(R) Filter rows based on string names if the only resulting match in another column is NA-CodePudding

The title may sound kinda weird but I have found no way of better defining my issue.

Here an example data set:

test = data.frame(genus = c("Acicarpha", "Acicarpha", "Acicarpha", "Acicarpha", "Acisanthera", "Acisanthera", "Acisanthera", "Acisanthera", "Acmella", "Acmella"), sp1 = c("NA", "bonariensis", "bonariensis", "spathulata", NA, "variabilis", "variabilis", "variabilis", NA, NA))

As you can see, I have a few species names (genus sp1) possible: Acicarpha NA, Acicarpha bonariensis, Acicarpha spathulata, Acisanthera variabilis, Acisanthera NA, and Acmella NA.

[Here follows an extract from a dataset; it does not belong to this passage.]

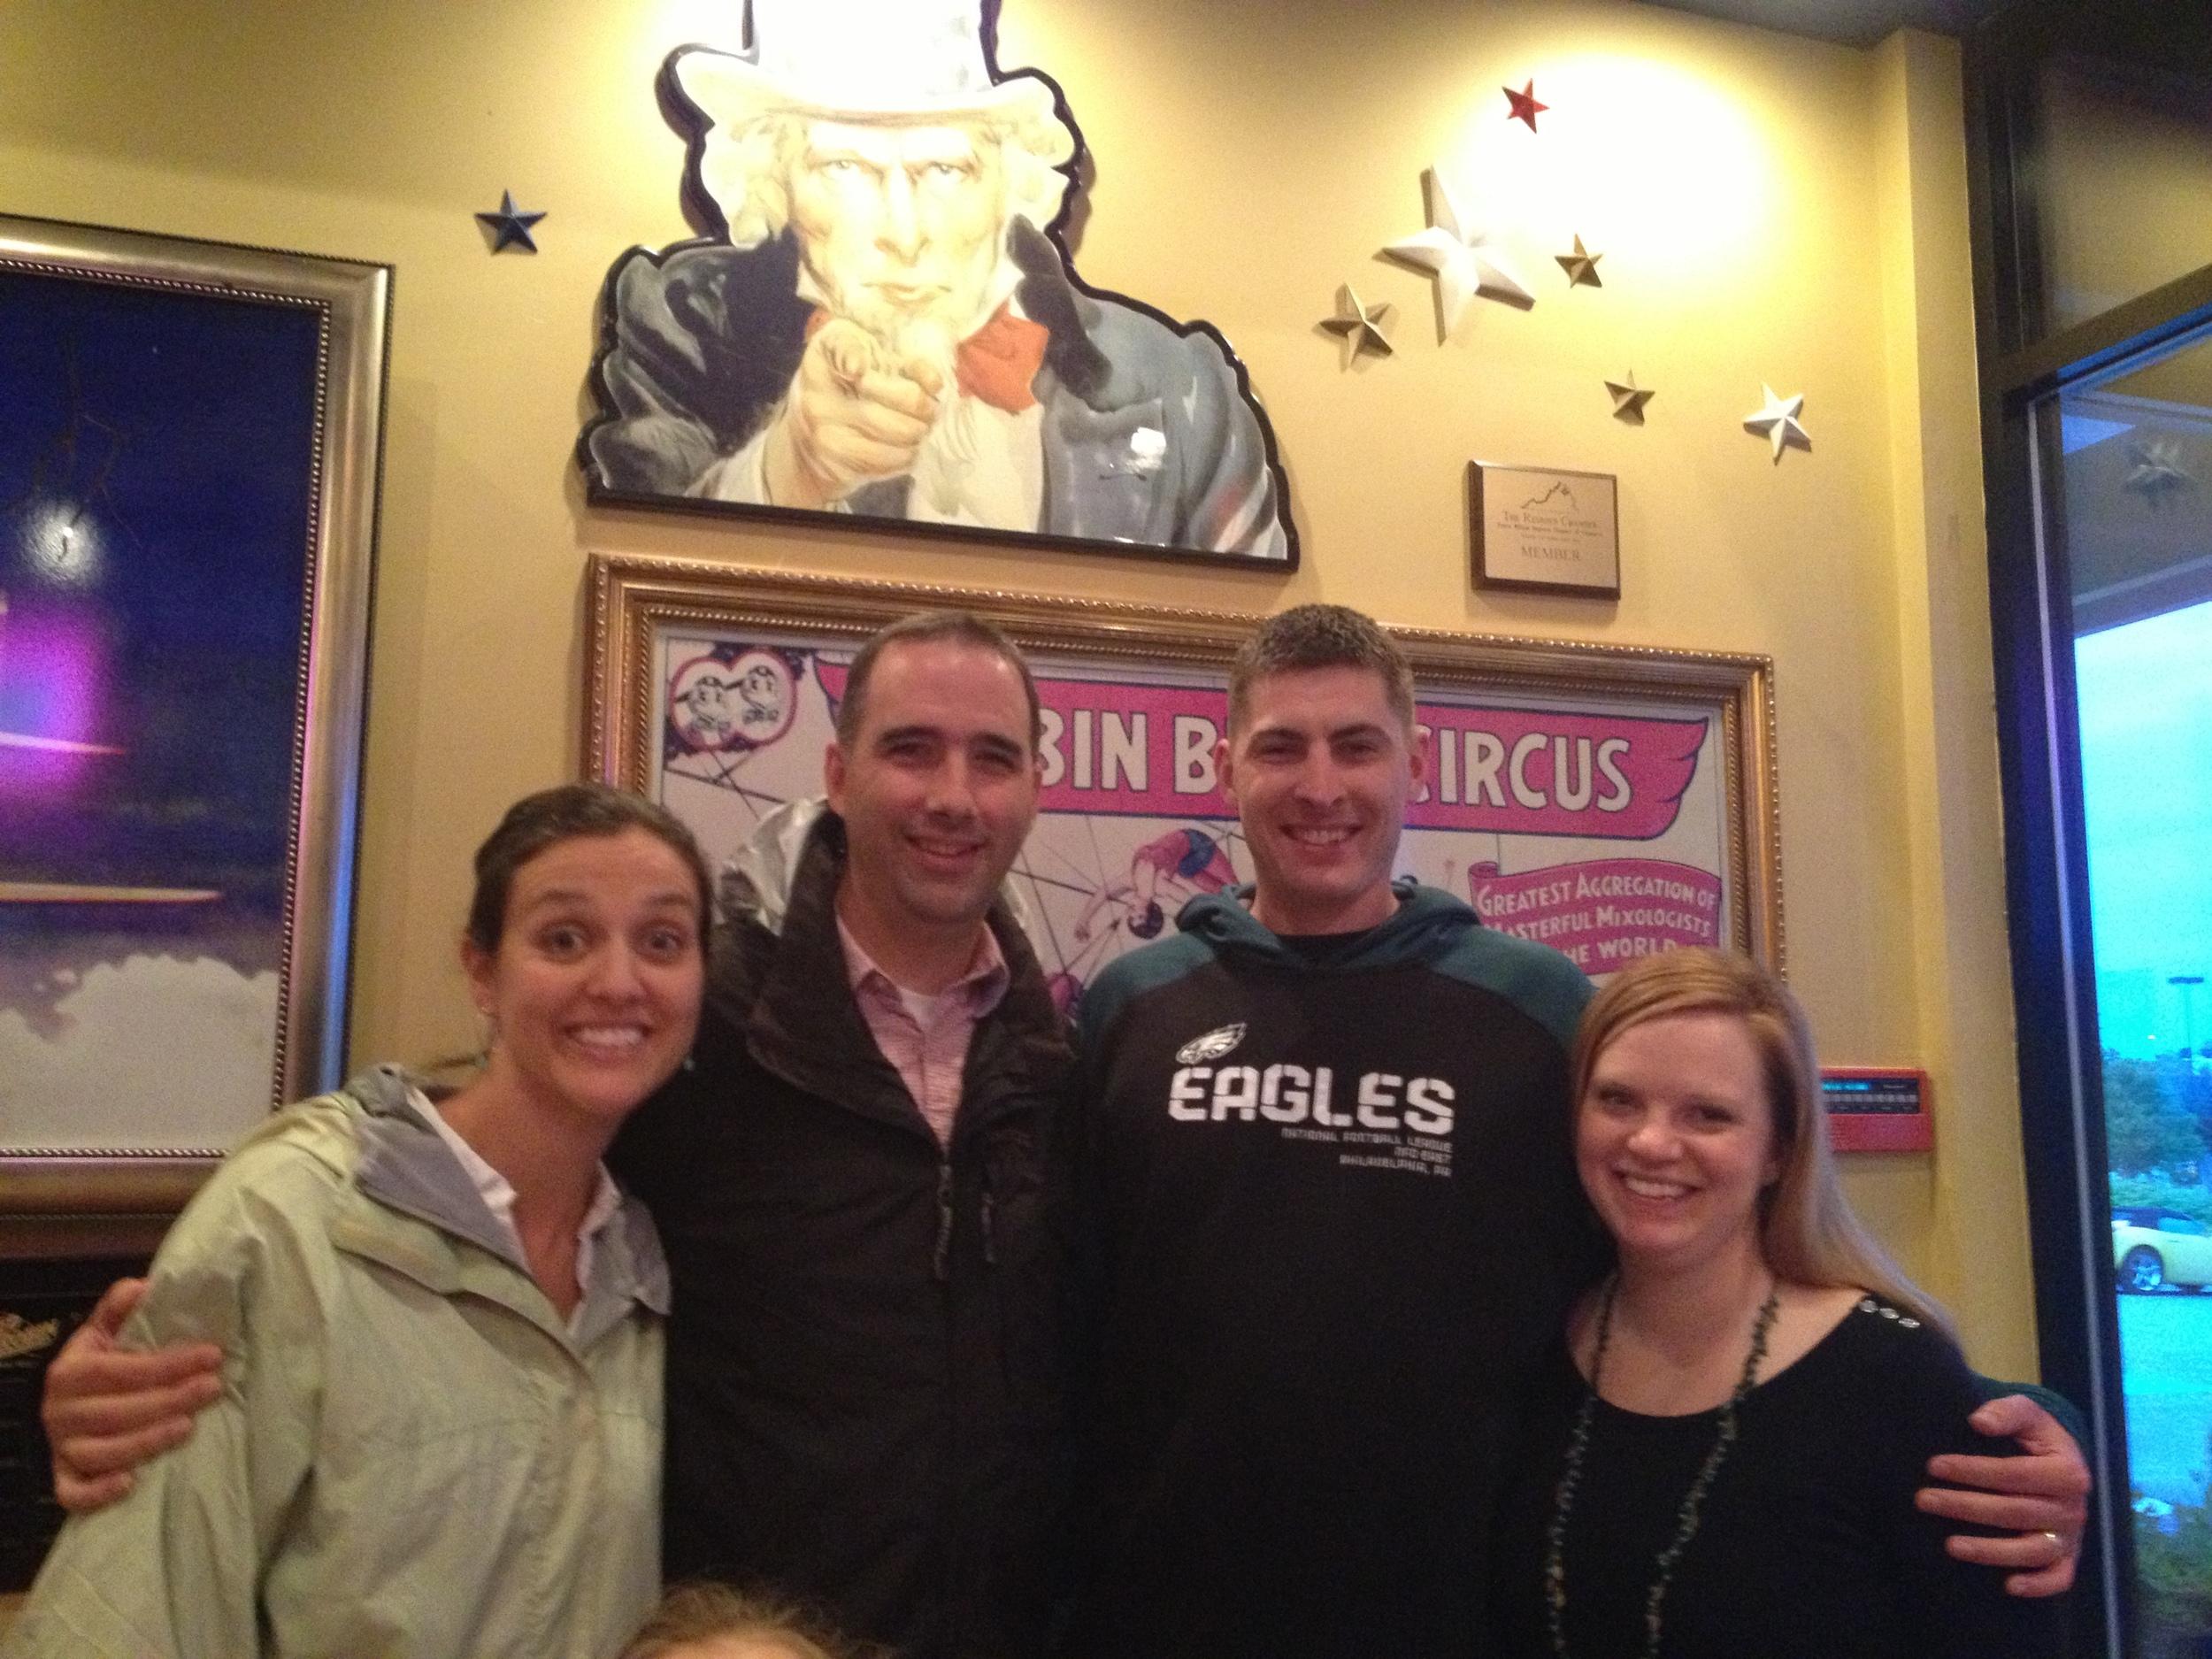 Visiting John and Danielle Tigue in Washington DC.

Here's the deal: I'm trying to select only the row related to Acmella NA since the only returning value on the sp1 column is NA. Other species also have NA, but they do not have only NA. How can I do this? I'm bashing my head.

CodePudding user response：

Here's some code that does what I think you're asking for. It has four steps:

Group the rows by genus.
Make a new column called all_sp1_na that is TRUE if all of each genus's sp1 observations are NA, FALSE otherwise (i.e. FALSE if at least one sp1 observation is not NA for that genus).
Filter for rows where all_sp1_na is true.
Remove the temporary column all_sp1_na.

library(tidyverse)

test %>%
  group_by(genus) %>%
  mutate(all_sp1_na = all(is.na(sp1))) %>%
  filter(all_sp1_na) %>%
  select(-all_sp1_na)

And it gives this result:

# A tibble: 2 x 2
# Groups:   genus [1]
  genus   sp1  
  <chr>   <chr>
1 Acmella NA   
2 Acmella NA

Let me know if you're looking for something else.